2. Only the narrator in document 2
d) Sport is fun.
3. Both narrators
b) You have to be good at sport or even the best!

II Expression écrite
A.  Captain: Are you alright? You didn't play as well as usual today!
Me: I'm surprised you say that. I had great fun today. It was a good match!
Captain: But we lost, didn't we!
Me: That's not what counts the most, is it? Enjoying ourselves is more important than anything else!
Captain: I'm not sure I agree with you there. There are lots of other people who are ready to take your place in the team if you don't think we're out there to win!
Me: You're not serious, are you? Today's game wasn't part of the championship. It was a friendly game with a team I particularly appreciate for its fair play and strong team spirit.
Captain: You should play every game as if it were / was the most important game in your life. It's the only way to improve your skills.
Me: I'm not sure we're on the same wavelength, here. I play sports to keep fit and socialise, not to win necessarily.
Captain: We'll continue this conversation in my office next week!
B.  You're all here, boys and girls? Gather round and listen. I have something important to say. This is the most important match of the year. You've played brilliantly up till now and deserve your place in the final. You can be really proud of yourselves.

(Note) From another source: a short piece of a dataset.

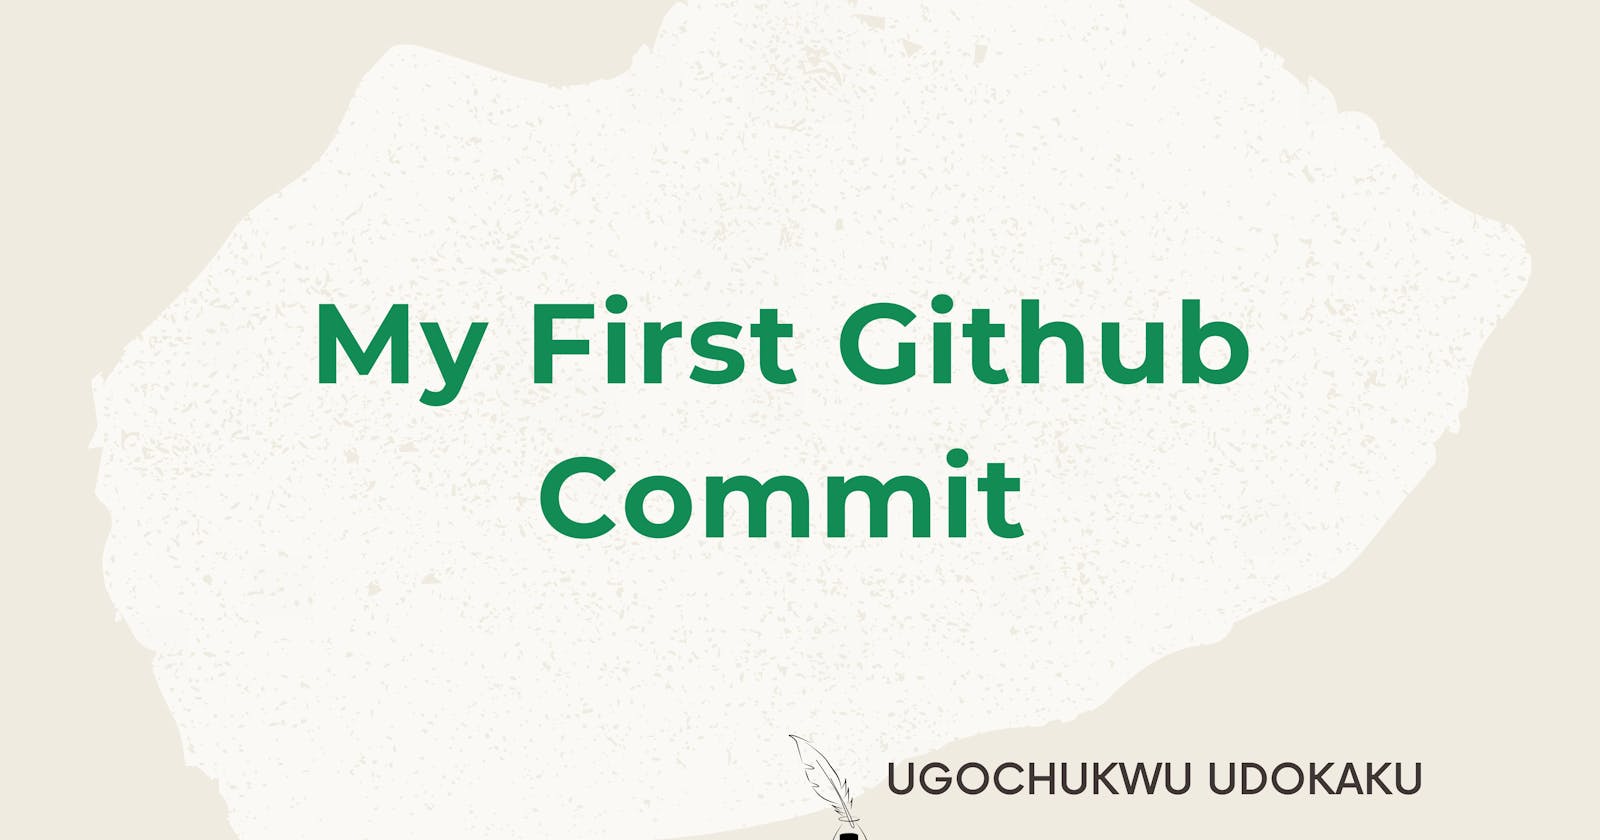 My first Github Commit

Well done! Now, it's important to go out there in the right frame of mind. First and foremost, don't forget that what counts most is to enjoy yourselves and play a good game. Okay, it's an important match, but if you play really well and still lose, it doesn't matter. On the other hand, if you play badly and lose, that's tragic, because you'll be doubly miserable – miserable at playing badly and miserable at losing. That's not the right plan, is it? So let's keep in mind that we should make the most of the game. Remember, you're a team. I don't want to see any of you trying to play it individually. And don't let the other side intimidate you – they're on their home ground, but you're superior in rapidity and dodging techniques, so go out there and show them how good you are!